Košická Belá (1297 flimen Bela, 1397 villa Johannis, 1440 Janussffalwa, 1580 Hansdorff, 1650 Bela) (; ) is a village and large municipality in Košice-okolie District in the Košice Region of eastern Slovakia.

History
Historically, the first written mention of the village was in 1297 as Villa Johannis when German settlers came here.
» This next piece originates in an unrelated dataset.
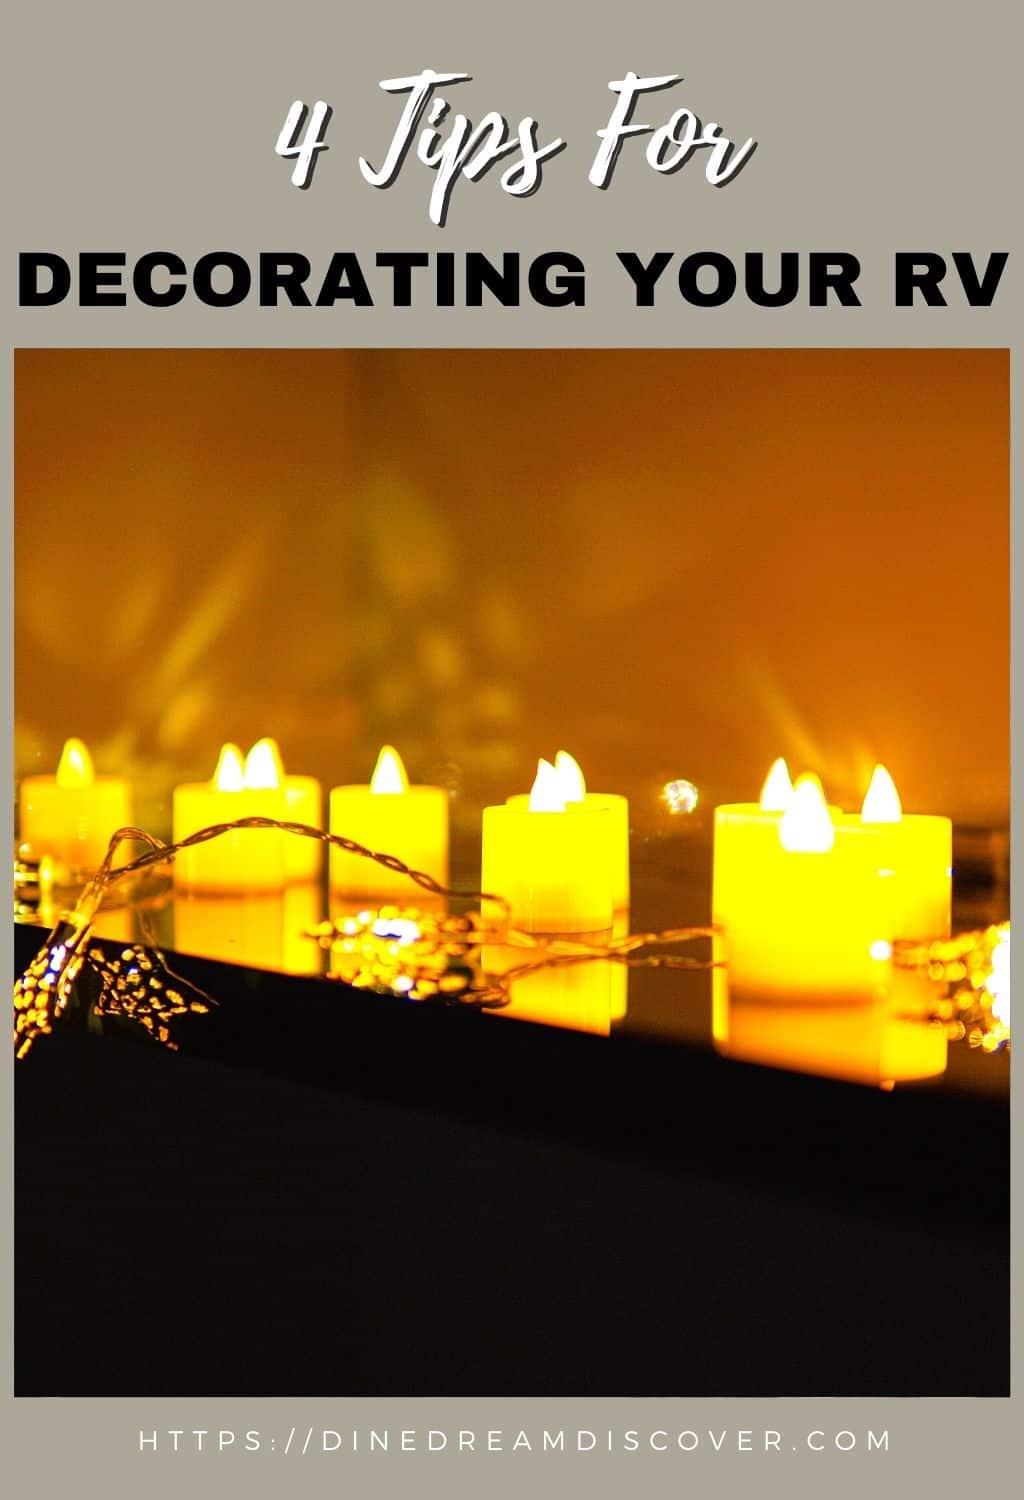 Decorating Your RV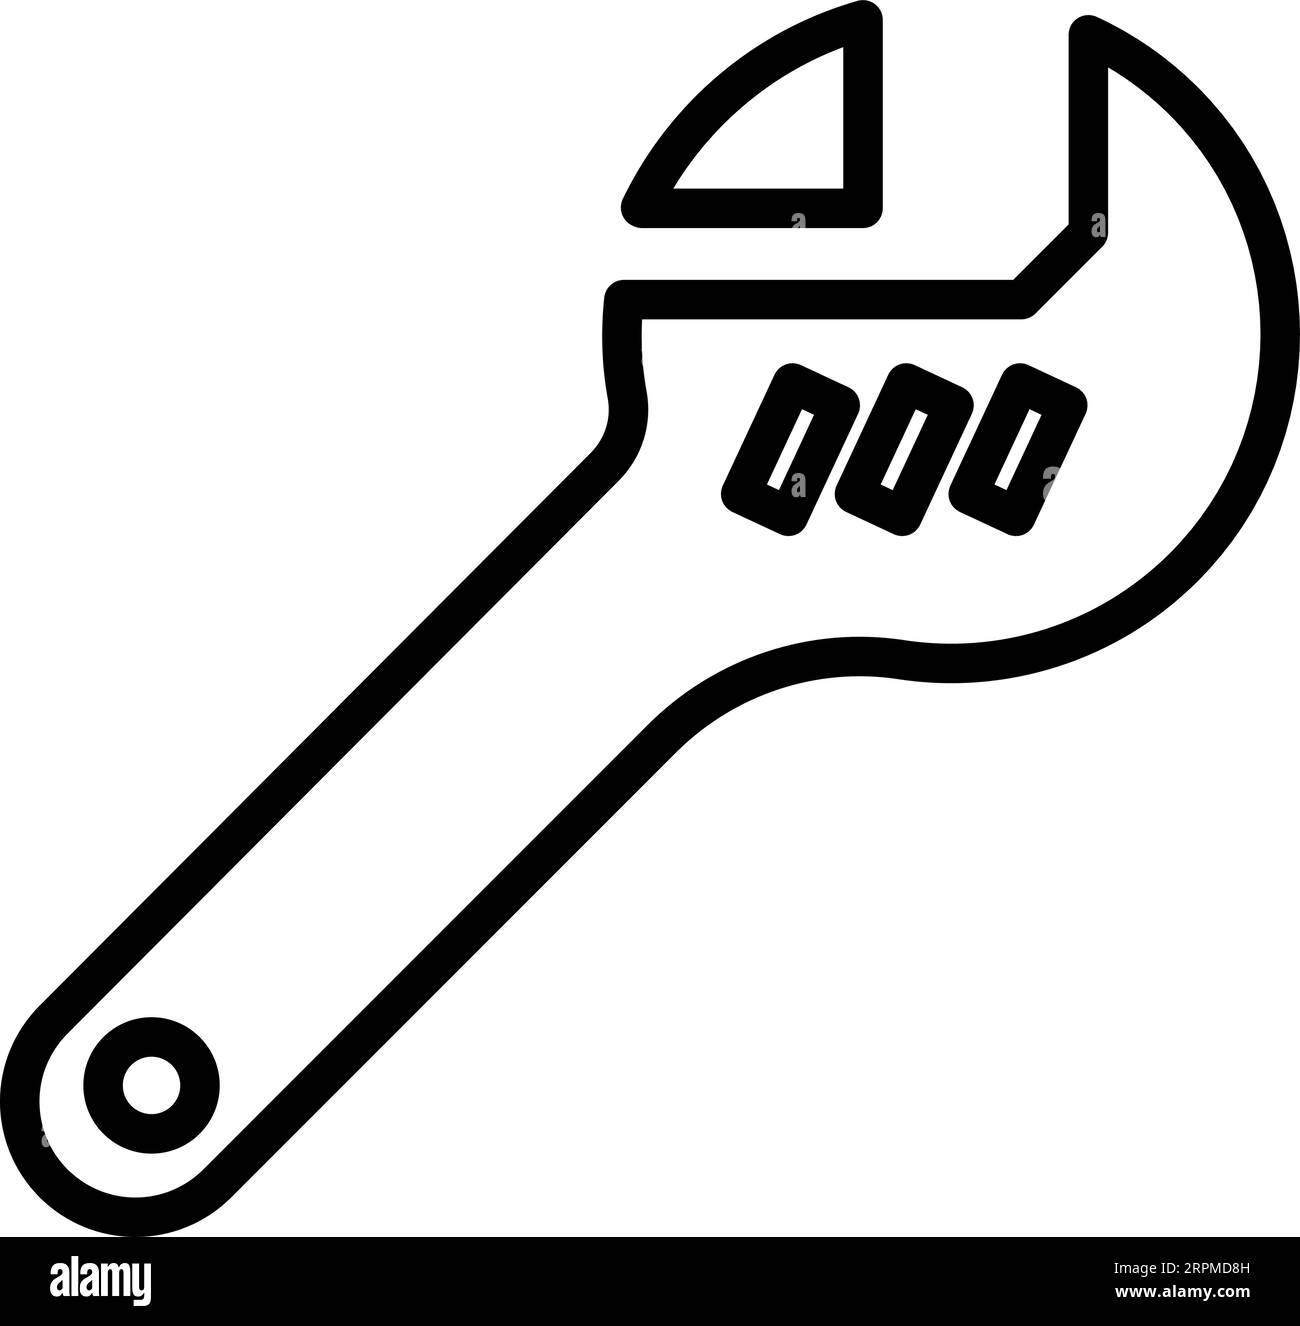 Line monkey wrench icon for your design Stock Vector

To the municipality also belonged the villages of Košické Hámre, Malý Folkmar and Ružín, which were flooded when the water reservoir Ružín was filled in 1969.

The name of the village is derived from the stream Belá that flows through it.

Geography
The village lies in the eastern Slovak Ore Mountains at an altitude of 380 metres and covers an area of 39.575 km².
It has a population of 982 people.

Genealogical resources

The records for genealogical research are available at the state archive "Statny Archiv in Levoca, Slovakia"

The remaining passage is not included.